#### Data
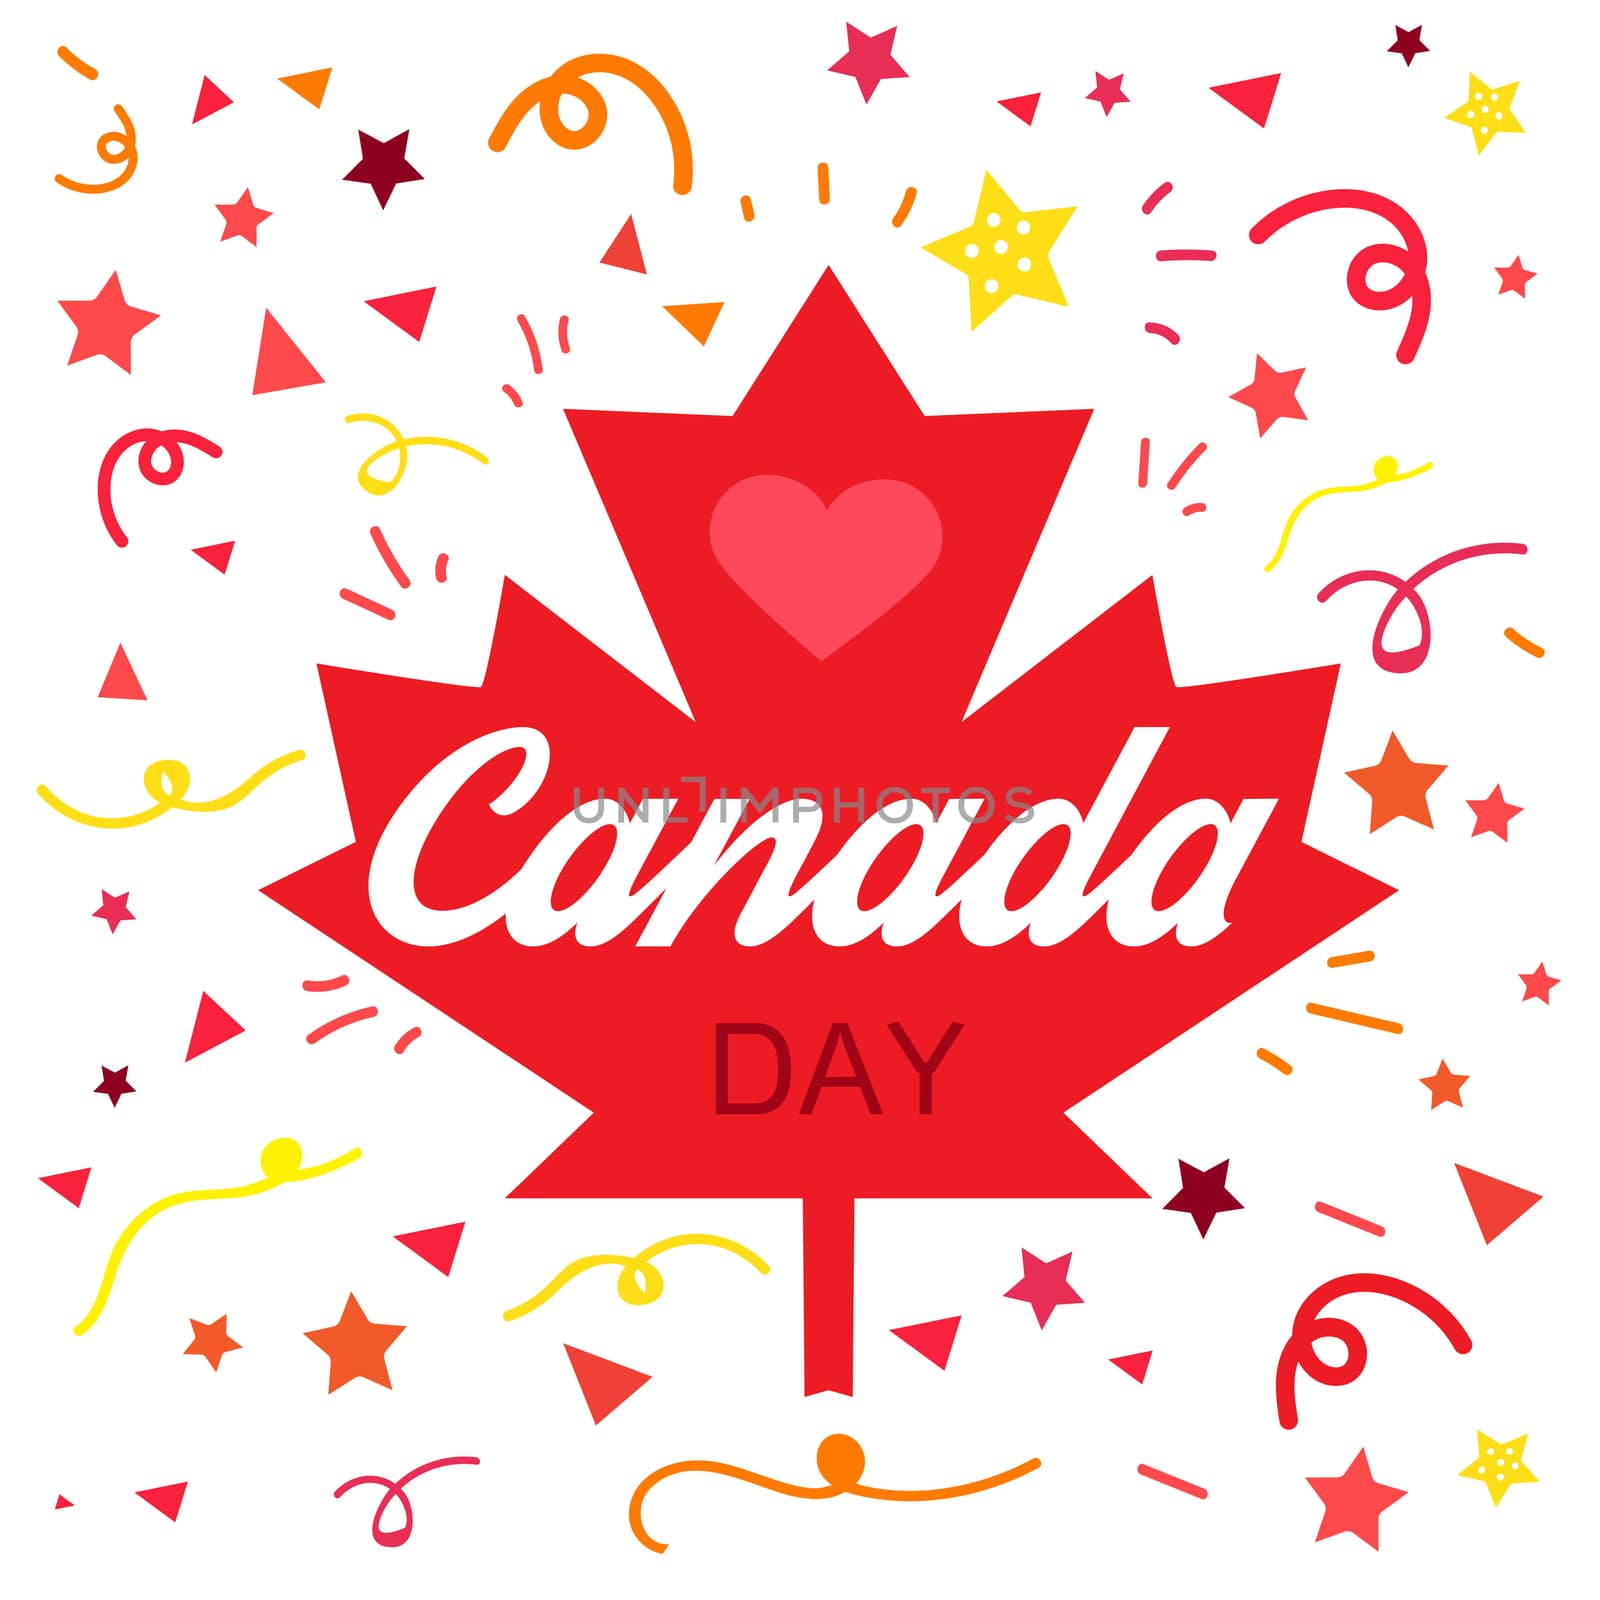 Happy Canada Day by barsrsind
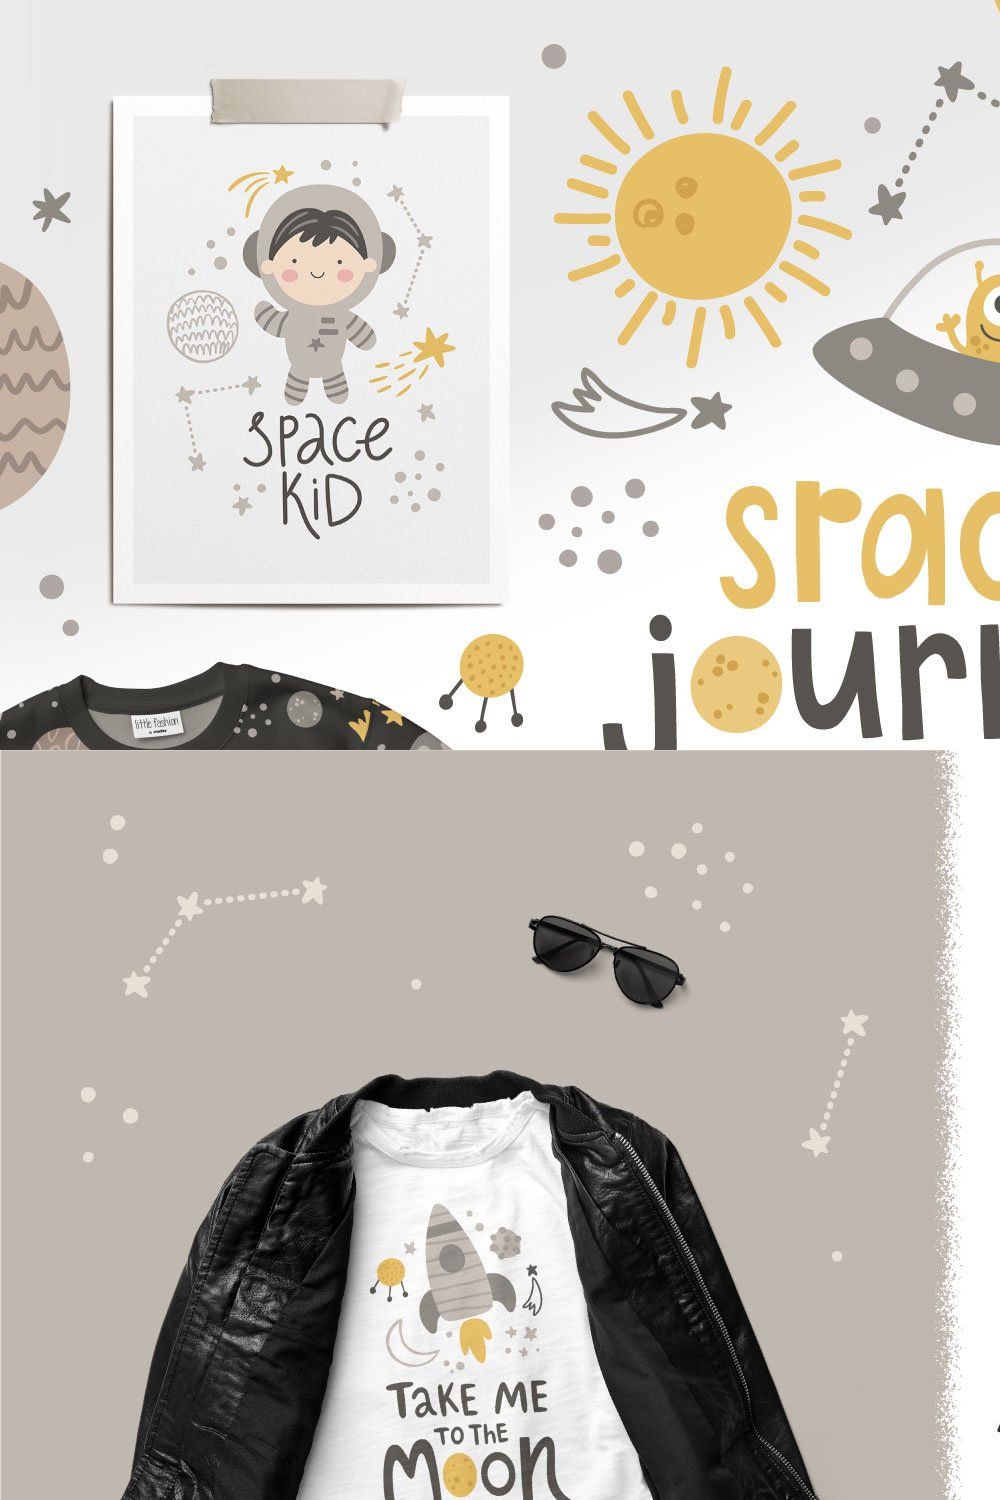 Space Journey Kids clipart set pinterest preview image.
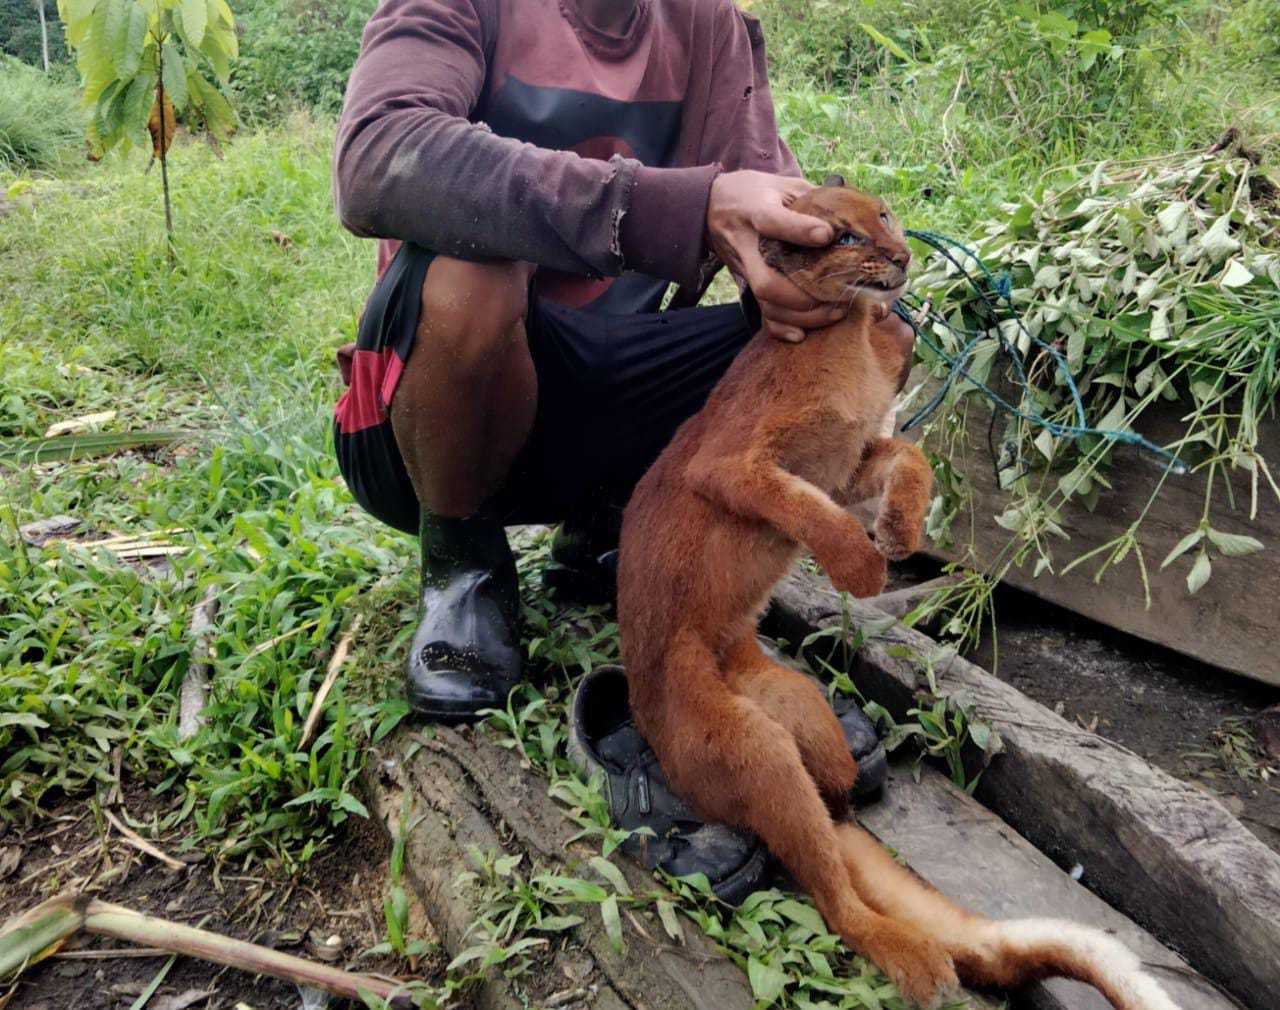 Seekor kucing merah ditemukan mati terkena jerat di kawasan hutan sekitar Desa Joloi, Kecamatan Seribu Riam, Kabupaten Murung Raya, Kalimantan Tengah. | Foto: Melky
########
_Instructions for the task_
Please write out the whole listing exactly, but not the pictures in it.

_Response to this exercise_
 Happy Canada Day by barsrsind
 Space Journey Kids clipart set pinterest preview image.
 Seekor kucing merah ditemukan mati terkena jerat di kawasan hutan sekitar Desa Joloi, Kecamatan Seribu Riam, Kabupaten Murung Raya, Kalimantan Tengah. | Foto: Melky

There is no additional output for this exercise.